FIG. 3 is a schematic configuration diagram of a conventional DC PDP.

FIG. 4 is a cell array diagram of a conventional DC PDP.

FIG. 5 is a drive waveform diagram (timing chart) for driving a pulse memory of a conventional DC PDP.

FIG. 6 is a pulse drive driving anode drive circuit diagram of a conventional DC PDP.

FIG. 7 is a diagram showing values of a minimum sustain voltage and a maximum sustain voltage with respect to a write voltage in a conventional pulse memory drive and a pulse memory drive according to the present invention.

8 is a diagram in which the vertical axis represents the value obtained by subtracting the minimum sustain voltage from the maximum sustain voltage of the individual write voltages in FIG. 7, that is, the vertical axis represents the write voltage.

[Explanation of symbols]

 1 shift register 2 latch 3 switching element

 ─────────────────────────────────────────────────── ─── Continuation of front page (72) Inventor Atsushi Takahashi 1-7-12 Toranomon, Minato-ku, Tokyo Oki Electric Industry Co., Ltd.

Claims (2)

[Claims] 1. A first panel substrate and a second panel substrate are arranged to face each other with a predetermined gap therebetween, and a plurality of first electrodes provided on the first panel substrate and the second panel substrate are provided on the second panel substrate.
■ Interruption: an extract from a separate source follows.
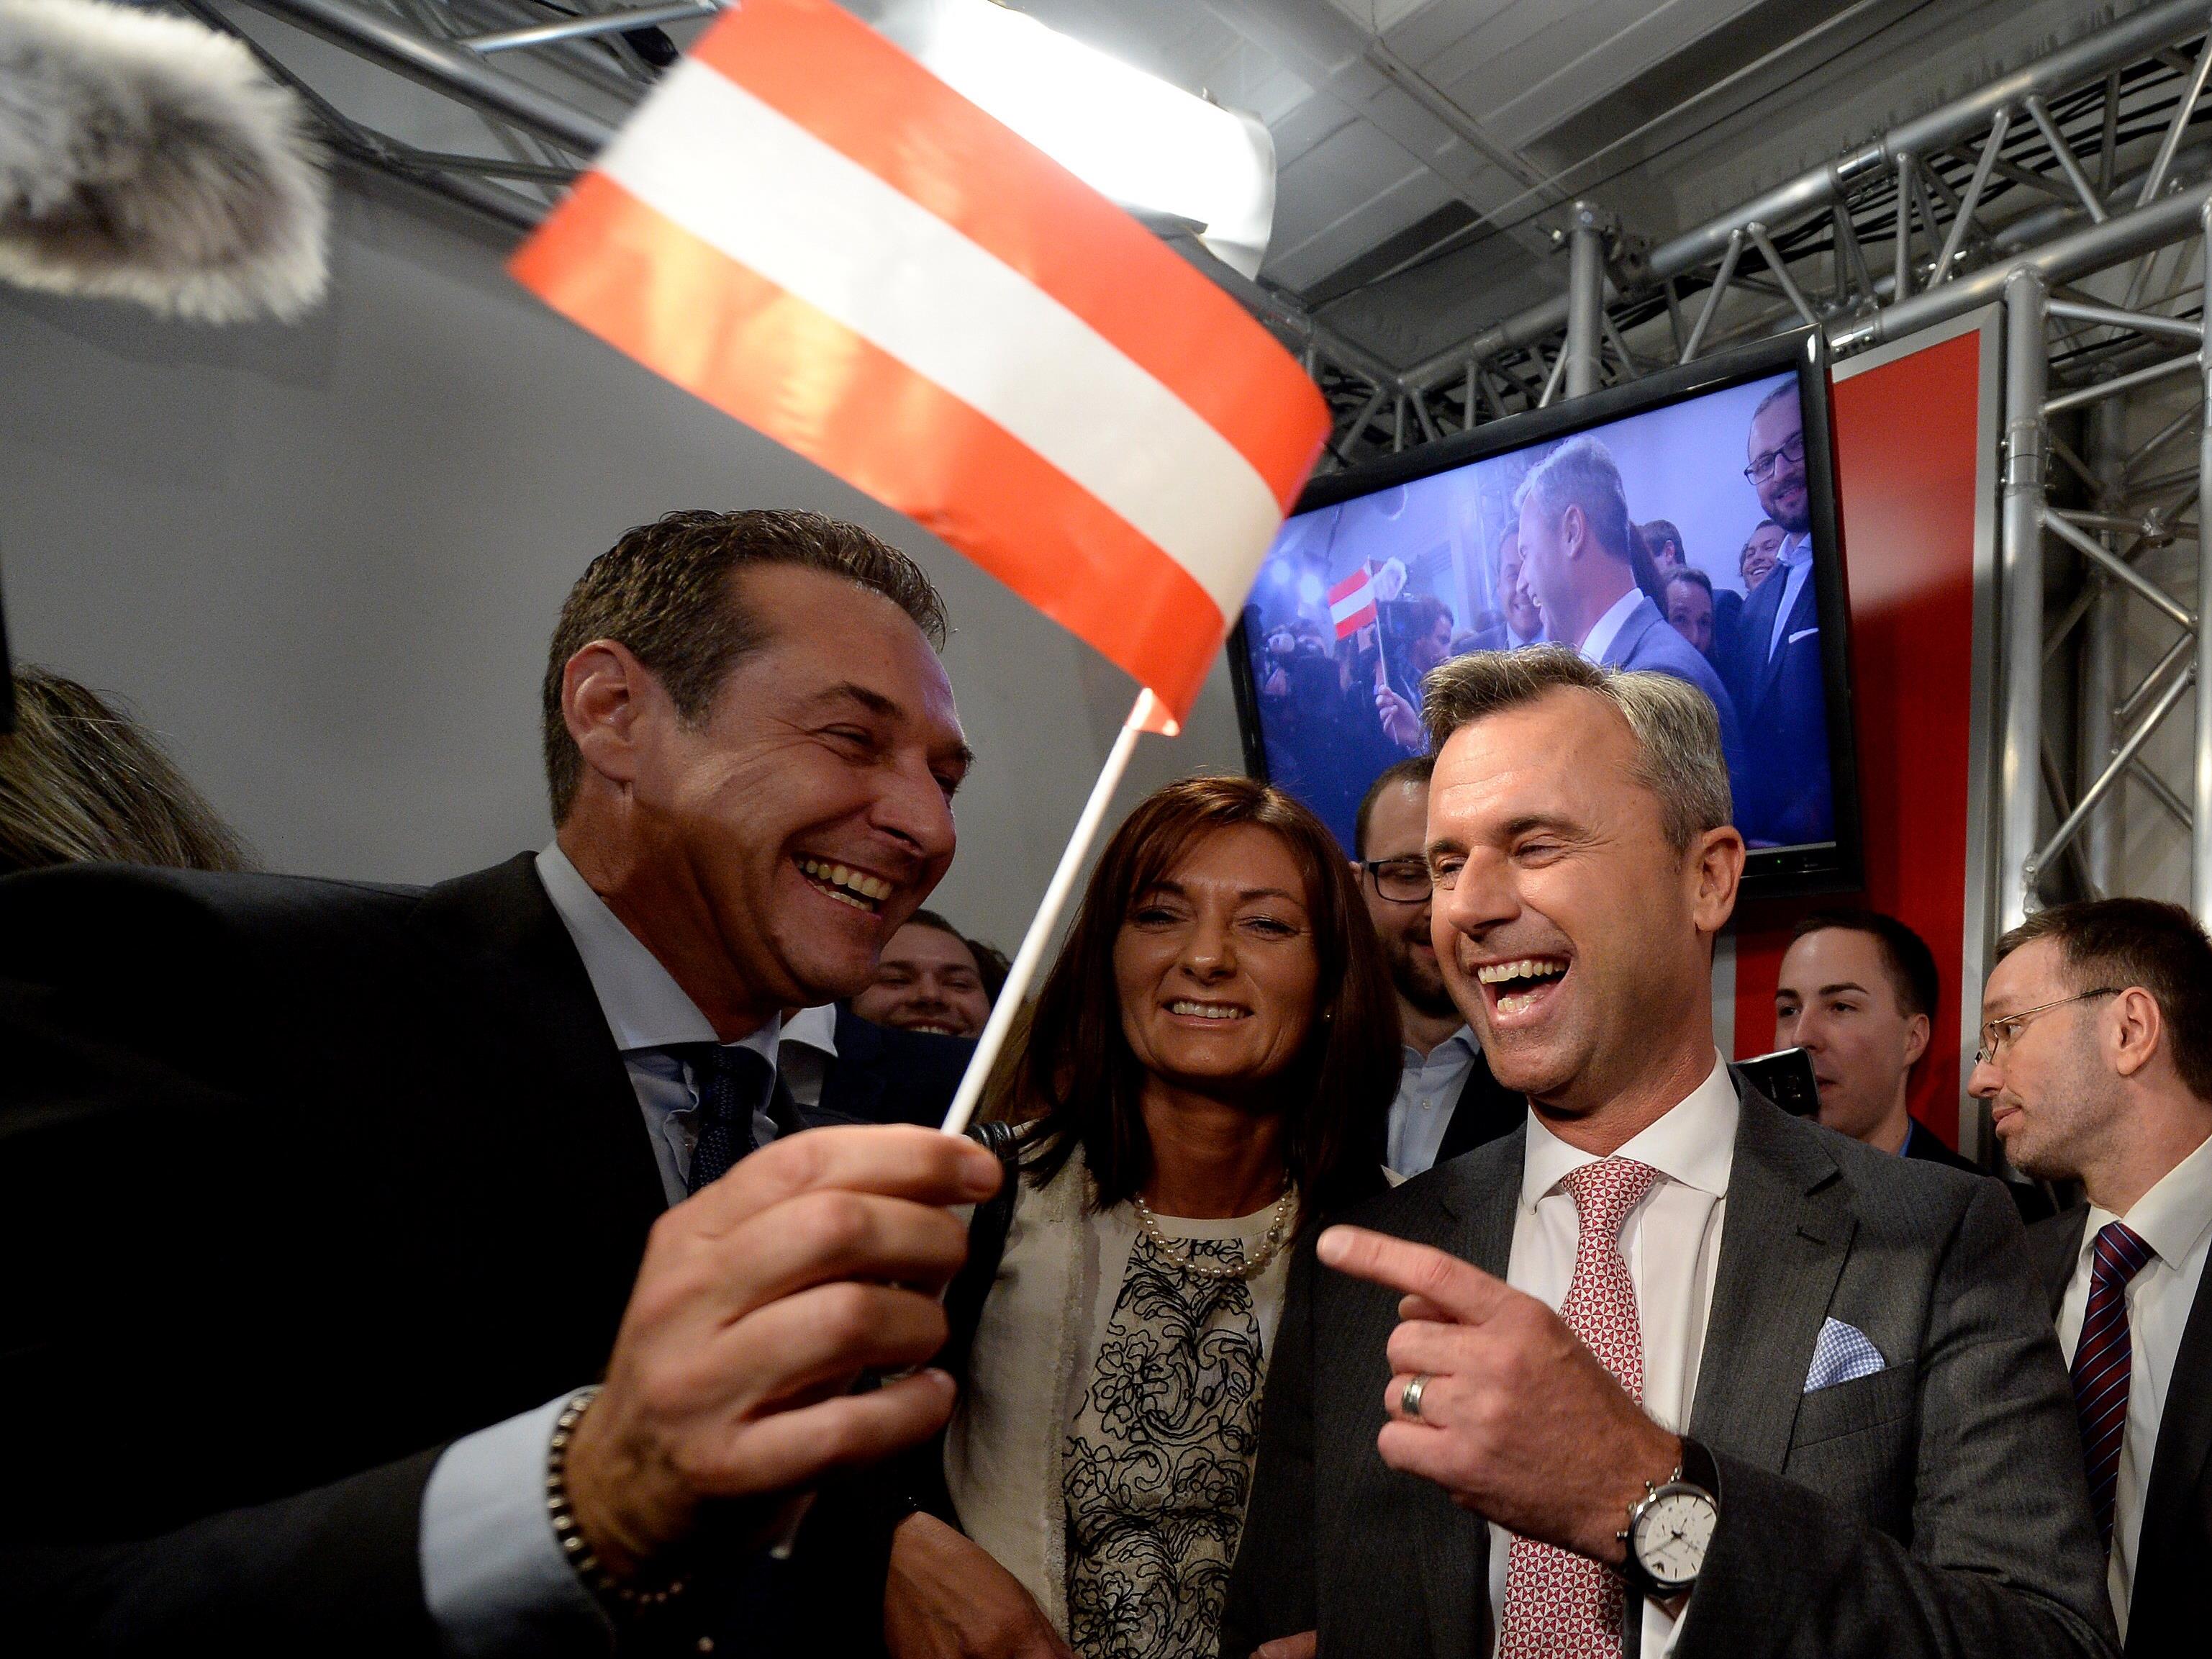 FPÖ-Kandidat Hofer triumphiert bei Vorentscheid zur Bundespräsidentenwahl.

A display device having a plurality of second electrodes provided so as to oppose and intersect with a first electrode, wherein the first electrode selects a writing valid state and a writing non-valid state according to a display pattern. A driving method of a plasma display panel, wherein scanning pulses are sequentially applied to the second electrode at substantially the same time as the writing enabled / disabled state, wherein the first electrode is used in the writing enabled state. Is set to a single voltage capable of discharging, and the first electrode is set to a high impedance state when the writing is ineffective, a driving method of a plasma display panel. 2. A first panel substrate and a second panel substrate are arranged to face each other with a predetermined gap therebetween, and a plurality of first electrodes provided on the first panel substrate and the second panel substrate are provided on the second panel substrate. A display device having a plurality of second electrodes provided so as to oppose and intersect with a first electrode, wherein the first electrode selects a writing valid state and a writing non-valid state according to a display pattern. In the drive circuit of the plasma display panel, a scan pulse is sequentially applied to the second electrode at substantially the same time as the write valid / invalid state, (a)
A shift register for inputting data and a shift clock that "write" or "do not write" the writing discharge based on the display data; and (b) each output of the shift register is input,
The latch includes a latch whose input is output in parallel by a clock, and (c) a switching element whose output is input as a data signal and whose on / off is controlled. (D) The switching element is on. A driving circuit for a plasma display panel, wherein the first electrode is driven so that the output has a single voltage in the case and has a high impedance in the case of off.